Lance Martin’s Claude Diary takes a different approach. Instead of logging everything, it captures structured summaries:

# Session: 2026-01-21

## Accomplished
- Fixed race condition in auth flow
- Added retry logic to API client

## Decisions
- Chose exponential backoff over fixed delay
- Kept timeout at 30s despite suggestion to increase

## Challenges
- Mock server didn't match production behavior
- Test flakiness from shared state

The /diary command captures these at session end. The /reflect command later analyzes patterns across entries.

Episodic Memory MCP

The episodic-memory plugin provides searchable storage:

# Install
claude mcp add episodic-memory

# Searches past conversations
claude "What approach did we use for rate limiting?"

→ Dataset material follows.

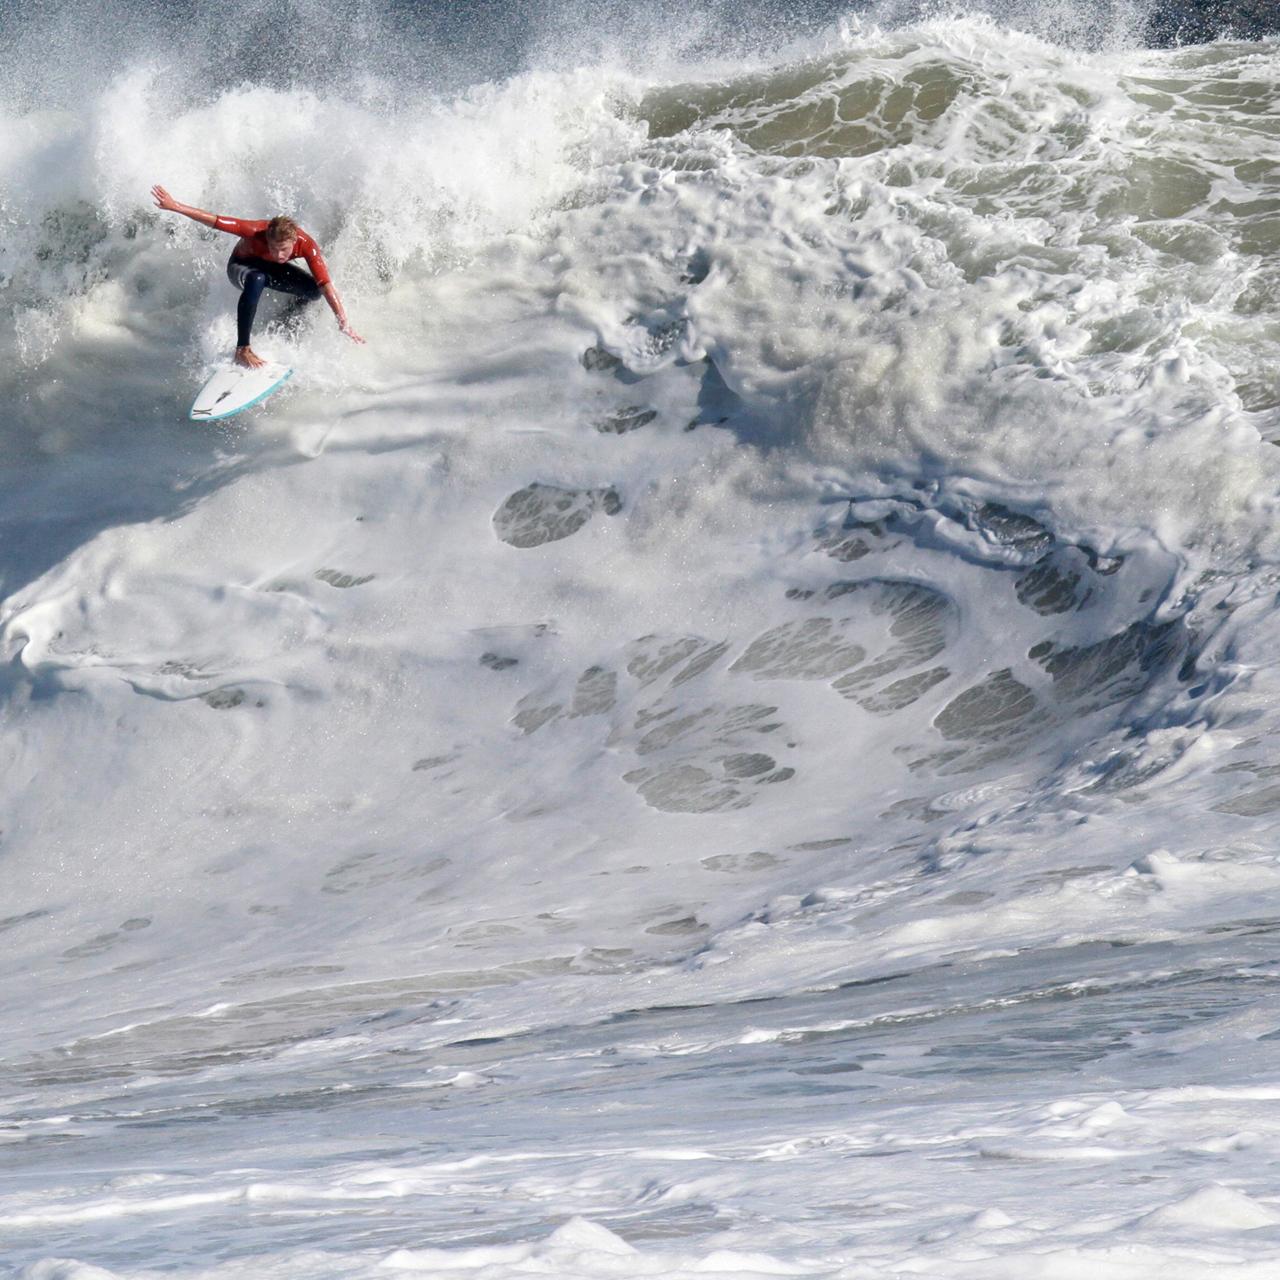 Crop - Jordan Collins Shreds The Wedge | Hurricane Marie, August 27th, 2014

The plugin indexes session logs into a SQLite database with embeddings. Queries return relevant conversation snippets with timestamps and project context.

Retrieval Patterns

Vector Search

Embed queries and memories. Return semantically similar episodes.

# Pseudocode
query_embedding = embed("debugging authentication")
results = vector_db.search(query_embedding, top_k=5)

Good for “find similar situations.” Misses exact matches and temporal queries.

Hybrid Search

Combine vector similarity with keyword matching:

Method	Good For
Vector only	Conceptual similarity
Keyword only	Exact terms, names
Hybrid	Most real queries

Temporal Filters

Add date ranges to narrow results:

# Find episodes from before the refactor
results = search(
    query="performance issues",
    before="2026-01-15"
)

What to Store

Not everything deserves episodic storage. Focus on:

Store	Skip
Decisions and their reasoning	Routine file reads
Debugging sessions	Standard completions
User corrections	Successful outputs
Failed approaches	Intermediate steps
Context that influenced choices	Boilerplate generation

Store episodes that inform future decisions, not a complete transcript.

From Episodes to Rules

Episodic memory feeds procedural memory. The pattern:

Store specific episodes (episodic)
Identify recurring patterns across episodes
Synthesize into rules (procedural)
Archive source episodes

Claude Diary’s reflect command automates step 2-3. It finds patterns like “user always requests atomic commits” and proposes a CLAUDE.md rule.

Episodes (raw experiences)
    ↓ reflection
Patterns (identified themes)
    ↓ synthesis
Rules (procedural memory)

This matches how humans learn: specific experiences first, abstractions later.

Getting Started

Start simple:

Enable session logging. Let episodes accumulate for a week.
Install episodic-memory MCP. Query past sessions when you’re stuck.
Add the diary pattern. Summarize sessions that matter.
Run reflection monthly. Look for patterns to promote to rules.

Remove stale episodes. Strengthen useful rules. Repeat.

Trade-offs

Approach	Storage	Query Speed	Completeness
Raw logs	High	Slow	Total
Structured diaries	Medium	Fast	Curated
Embeddings only	Low	Fast	Lossy
Hybrid	Medium	Medium	Balanced

For most personal systems: structured diaries plus vector search over summaries. Keep raw logs if you need them for compliance or debugging.